Die Autor*innen betrachten die nationale Ebene von 43 Staaten. Die Türkei und Russland wollen sie schon deshalb nicht behandeln, weil sie nur zum Teil in Europa liegen, Weißrussland und den Vatikan sparen sie aus, weil sie keine Demokratien sind. Die Untersuchung umfasst – je nach Staat – den Zeitraum seit Einführung der Reglungen bis Ende 2018. Es werden nur die bis heute durchgehend demokratischen Zeiträume betrachtet. Dies hat zur Folge, dass der Betrachtungszeitraum der ehemals kommunistischen Staaten erst mit der Unabhängigkeit nach 1989 beginnt.

Das Ziel des Buches besteht darin, „… Begriffe so zu definieren, dass sich mit ihnen die wesentlichen Varianten von Volksabstimmungen klar bestimmen lassen, Daten zu Volksabstimmungen und Volksbefragungen in den europäischen Staaten verständlich und übersichtlich darzustellen, die Verfahren und die Praxis in den jeweiligen Ländern zu bewerten …“ (S. 7).

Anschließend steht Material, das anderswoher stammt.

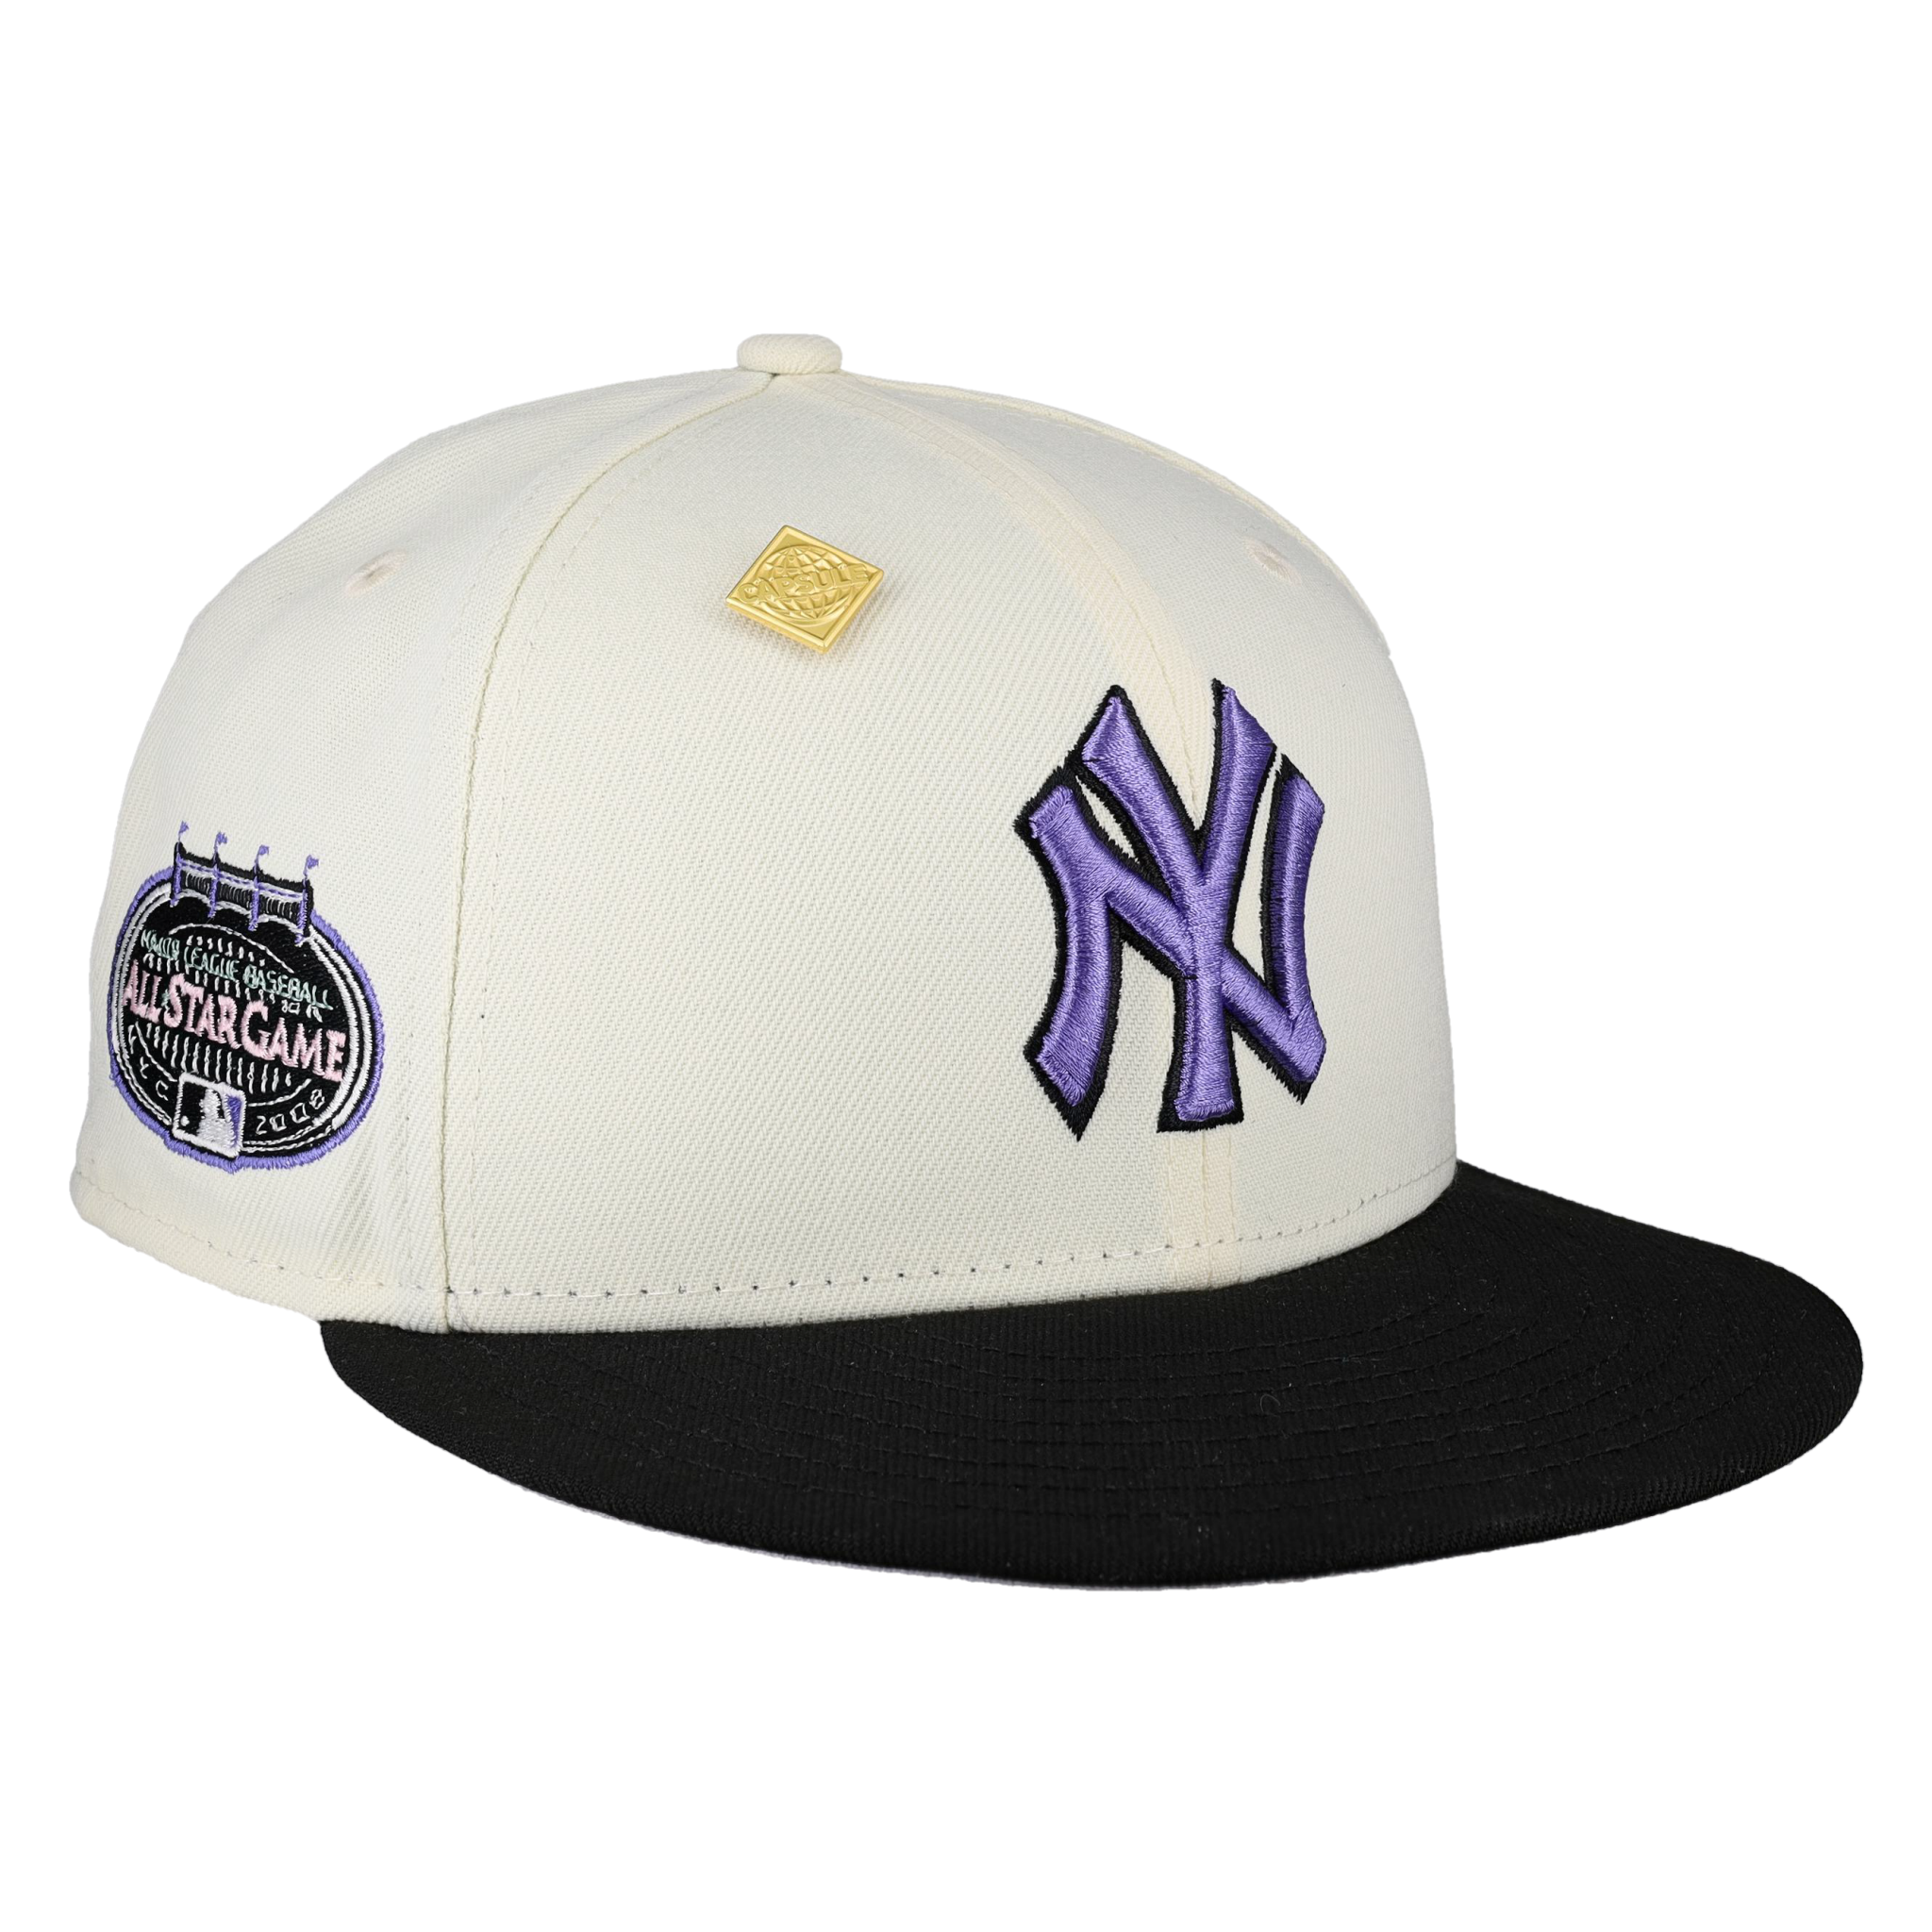 New York Yankees New Era 2008 MLB All-Star Game 59FIFTY Fitted Hat
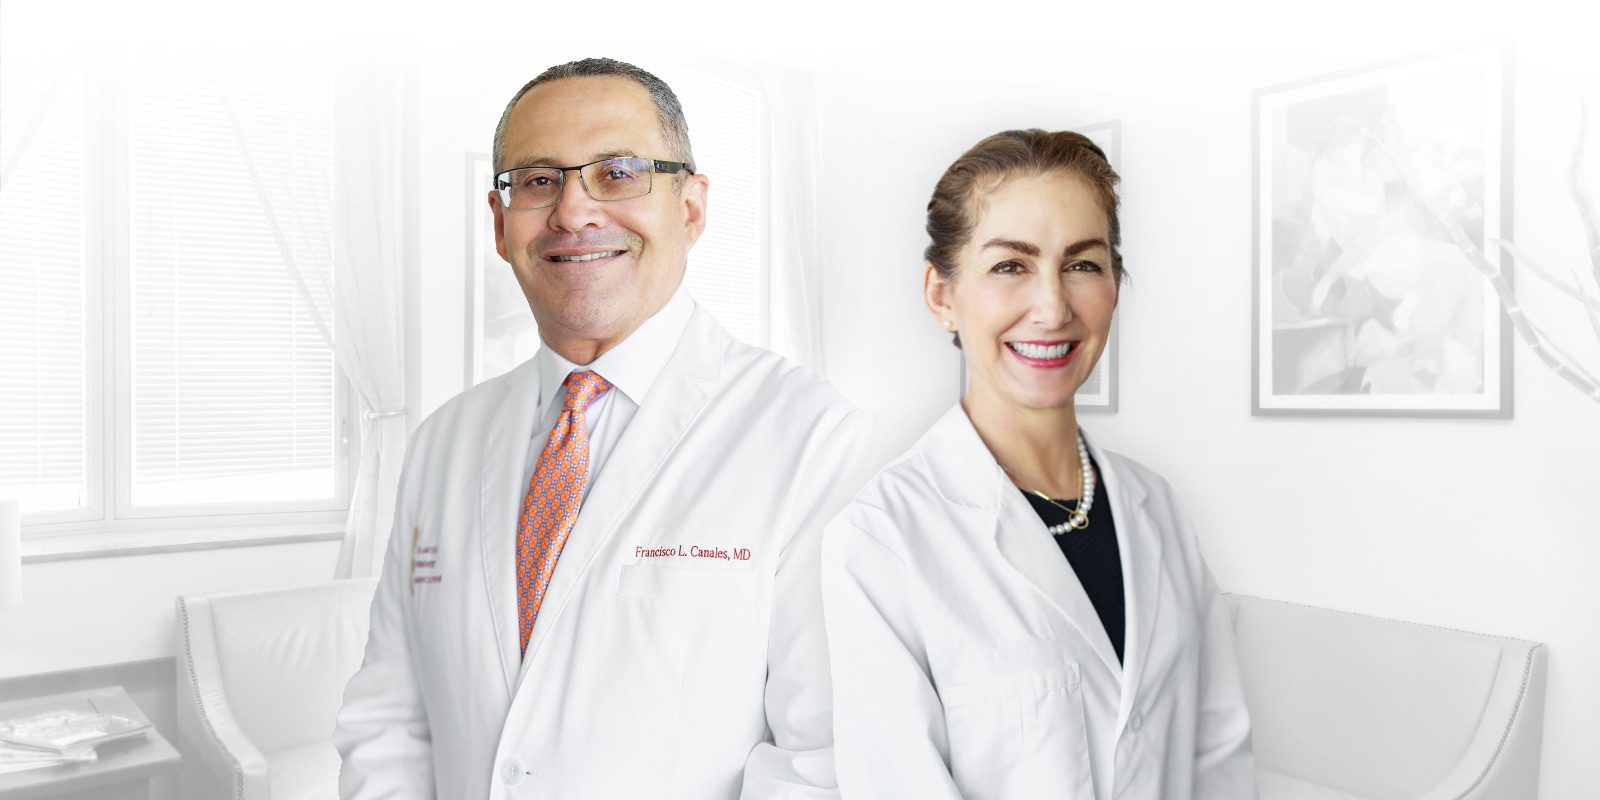 Dr. Canales and Dr. Furnas in white coats

Die Verfasser*innen unterscheiden zwischen verbindlichen Volksentscheiden und unverbindlichen Volksbefragungen. Volksentscheide differenzieren sie danach, wer sie auslöst: Bürger, Staatsorgane, Kombinationen aus beiden; dazu kommen obligatorische Volksentscheide. Zu den direktdemokratischen Verfahren zählen nur die von den Bürgern ausgelösten Volksentscheide, nämlich die Volksinitiative und das fakultative Gesetzesreferendum, sowie das obligatorische Referendum. Von Staatsorganen ausgelöste Entscheide zählen zu Recht nicht dazu, weil sie Manipulations- und/oder Plebiszitrisiken bergen. Die Autor*innen verwenden den Begriff Plebiszit für „von oben“ ausgelöste Entscheide nicht. Für eine prägnante Begriffsbildung wäre dies jedoch zu empfehlen. So ist diese Bezeichnung auch in der Schweiz, dem europäischen Mutterland der direkten Demokratie, für von oben ausgelöste Abstimmungen als abgrenzender Begriff üblich, und er entspricht der historischen Begrifflichkeit, wonach im antiken Rom das „plebiscitum“ nur als Antwort des römischen Volkes auf Vorlagen der Versammlungsleitung „von oben“ möglich war.

Um die Regelungen und Praxis der Volksabstimmungen darzustellen, leiten die Autor*innen aus den verschiedenen Verfahrenstypen und deren Anwendungshäufigkeit sieben Ländergruppen ab:

  • Direktdemokratische Verfahren als Routineverfahren

  • Direktdemokratische Verfahren mit einiger Praxis

  • Direktdemokratische Verfahren mit wenig Praxis

  • Direktdemokratische Verfahren als Ausnahmeverfahren – Volksabstimmungen durch Staatsorgane überwiegen

  • Keine direktdemokratischen Verfahren, jedoch Volksabstimmungen durch Staatsorgane

  • Nur unverbindliche Volksbefragungen

  • Weder Volksabstimmungen noch Volksbefragungen

Diese Gruppenbildung spannt ein Spektrum auf, das einen guten Überblick verschafft. Am „oberen“ Ende der Skala rangieren zwei Staaten: Die Schweiz und das sehr kleine Liechtenstein. Am „unteren“ Ende befinden sich Deutschland und Monaco. Deutschland, der größte Staat der untersuchten Länder, spielt demnach mit dieser Abstinenz eine absolute Sonderrolle. Diese wird freilich dadurch relativiert, dass alle Bundesländer Volksgesetzgebung aufweisen.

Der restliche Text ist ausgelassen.